§ **INPUT DATA**:
=====
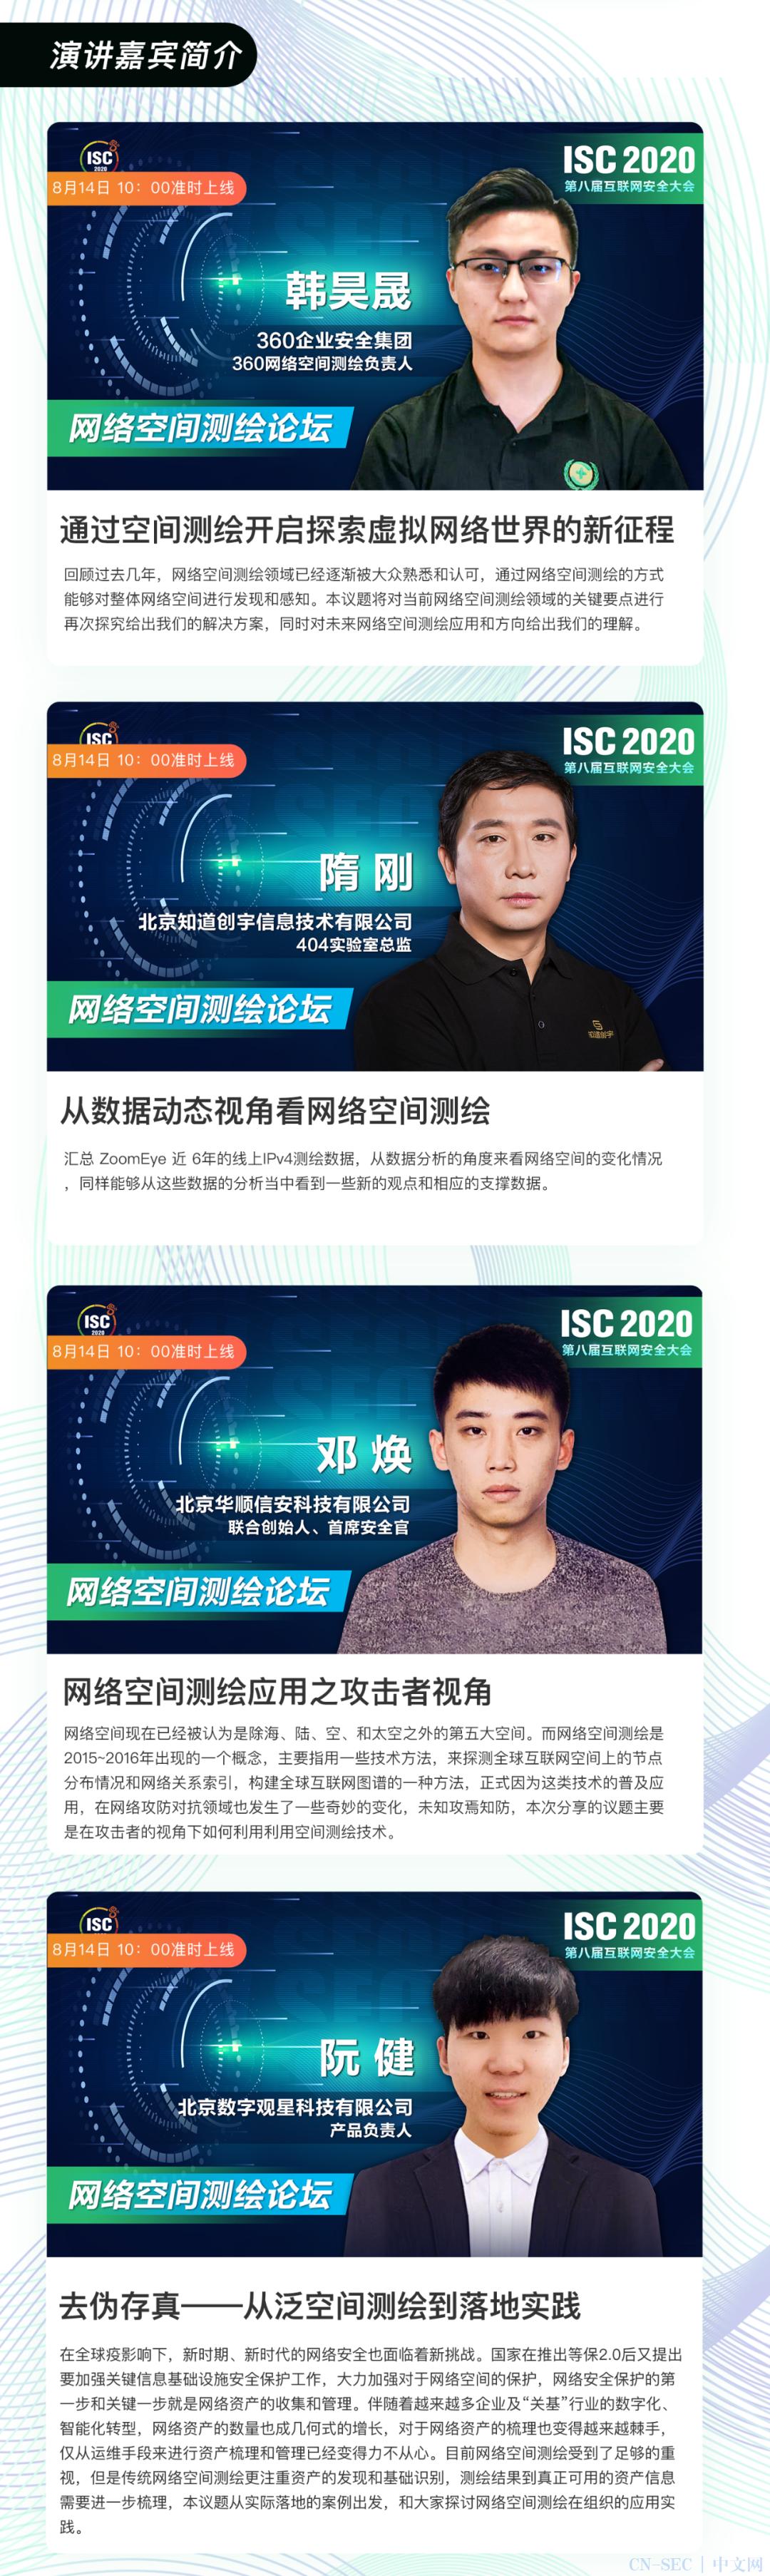 【即将上线】ISC 2020网络空间测绘论坛:关注数字时代资产威胁与安全
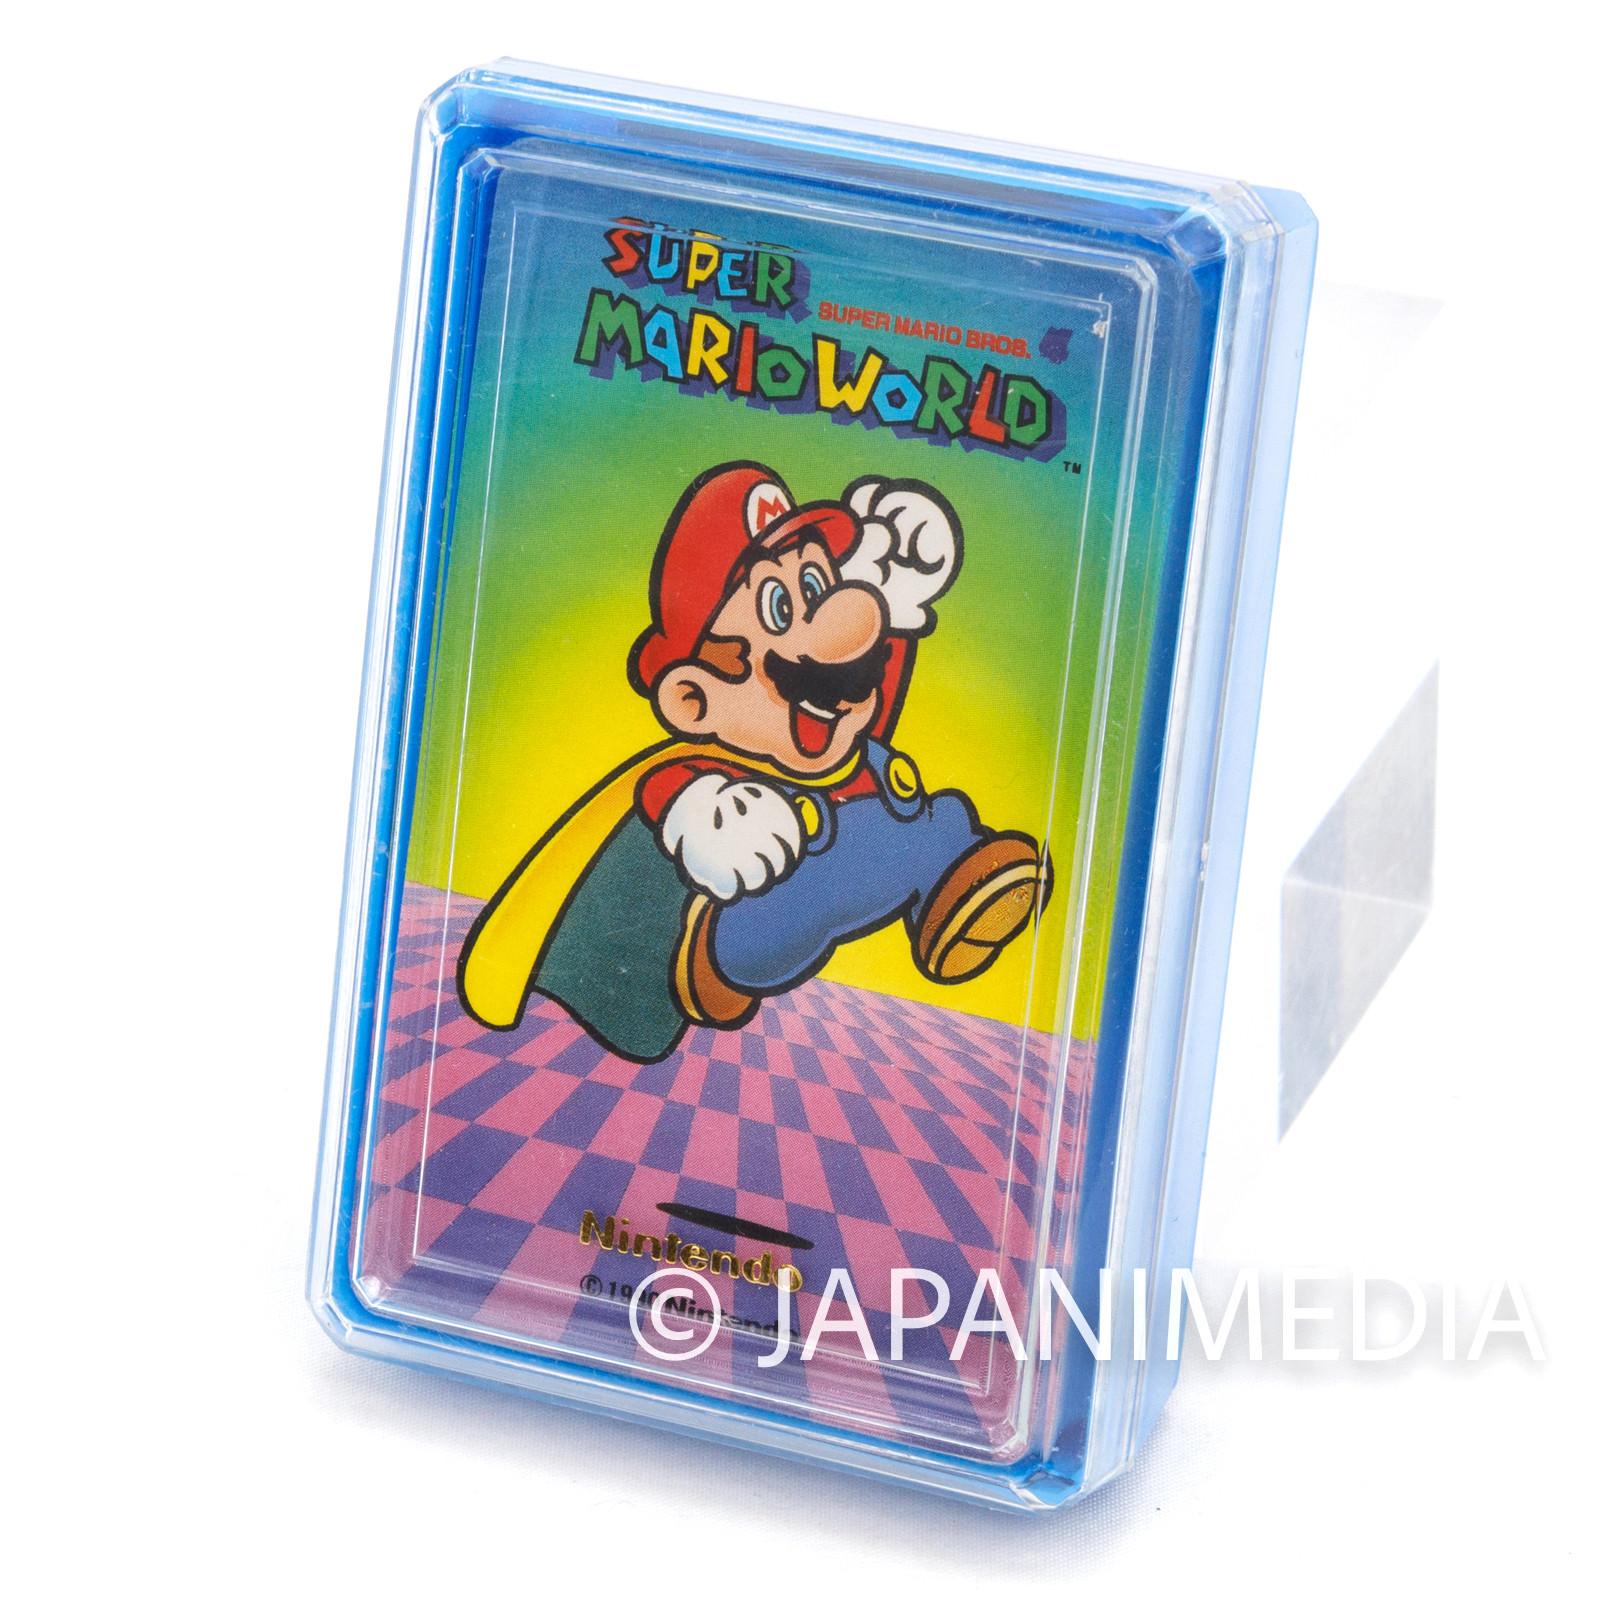 Retro RARE Super Mario World Trump Playing Cards Nintendo JAPAN FAMICOM 3
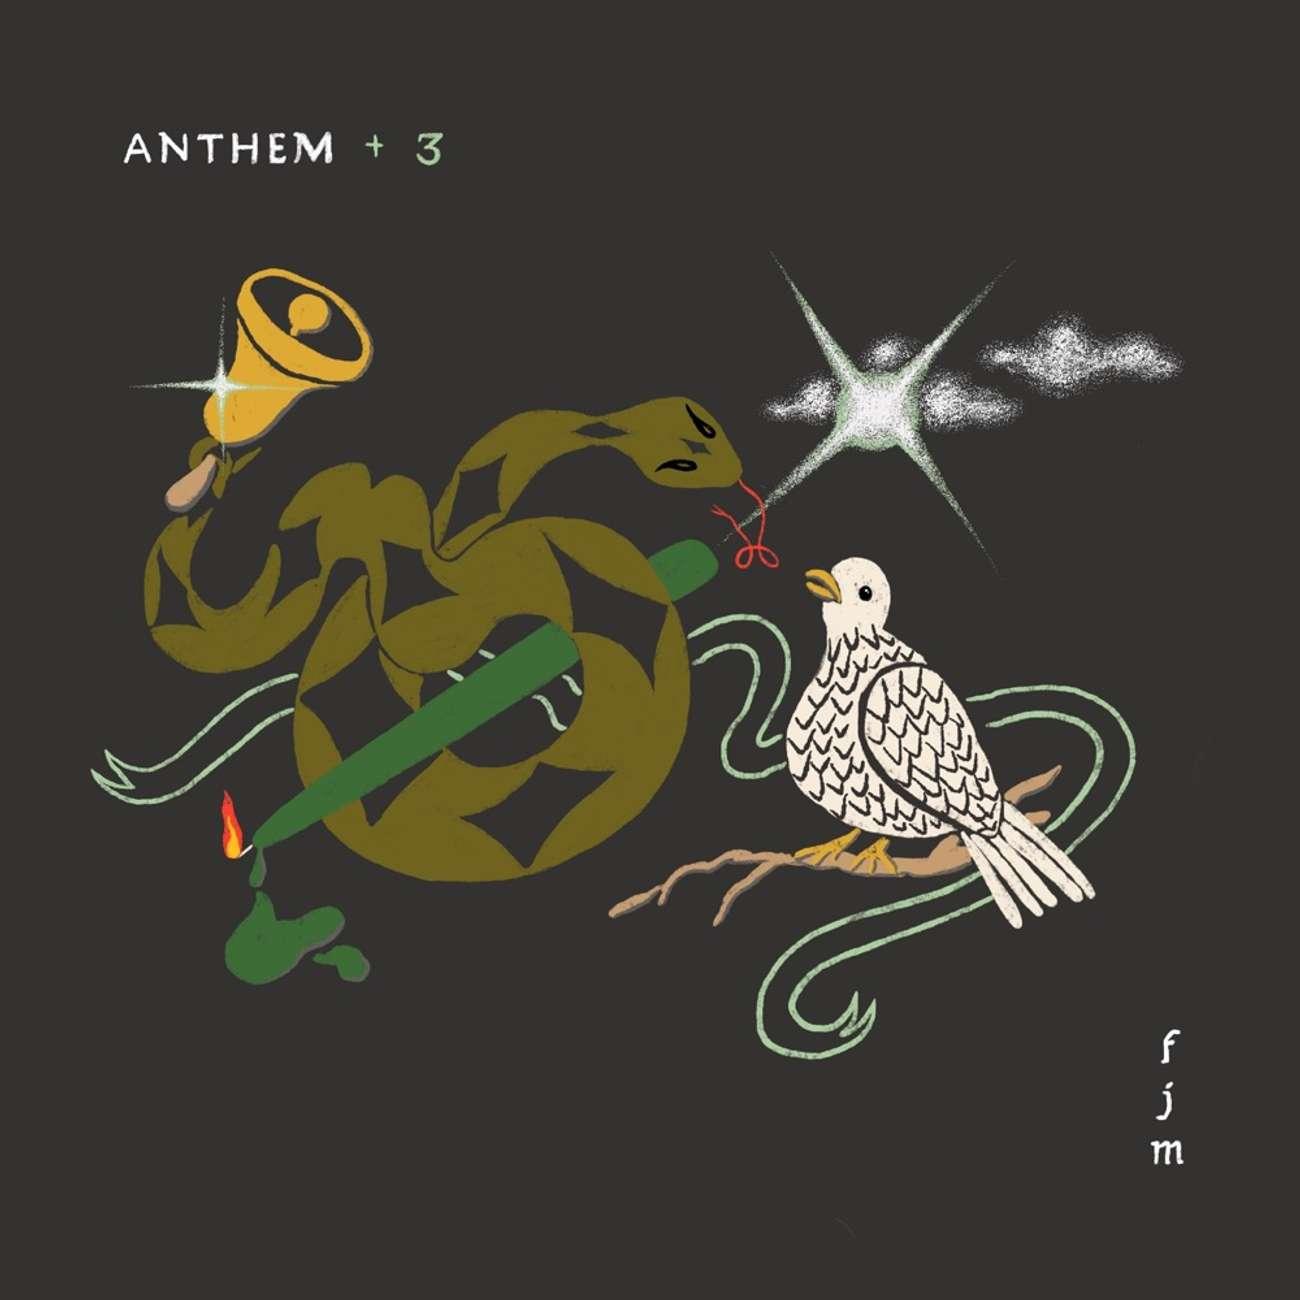 Anthem +3 by Father John Misty
=====
§ **EXERCISE BRIEF**:
When you reach a picture, pass over it; write out all other material exactly.

§ **RESPONSE TO THIS TASK**:
 【即将上线】ISC 2020网络空间测绘论坛:关注数字时代资产威胁与安全
 Retro RARE Super Mario World Trump Playing Cards Nintendo JAPAN FAMICOM 3
 Anthem +3 by Father John Misty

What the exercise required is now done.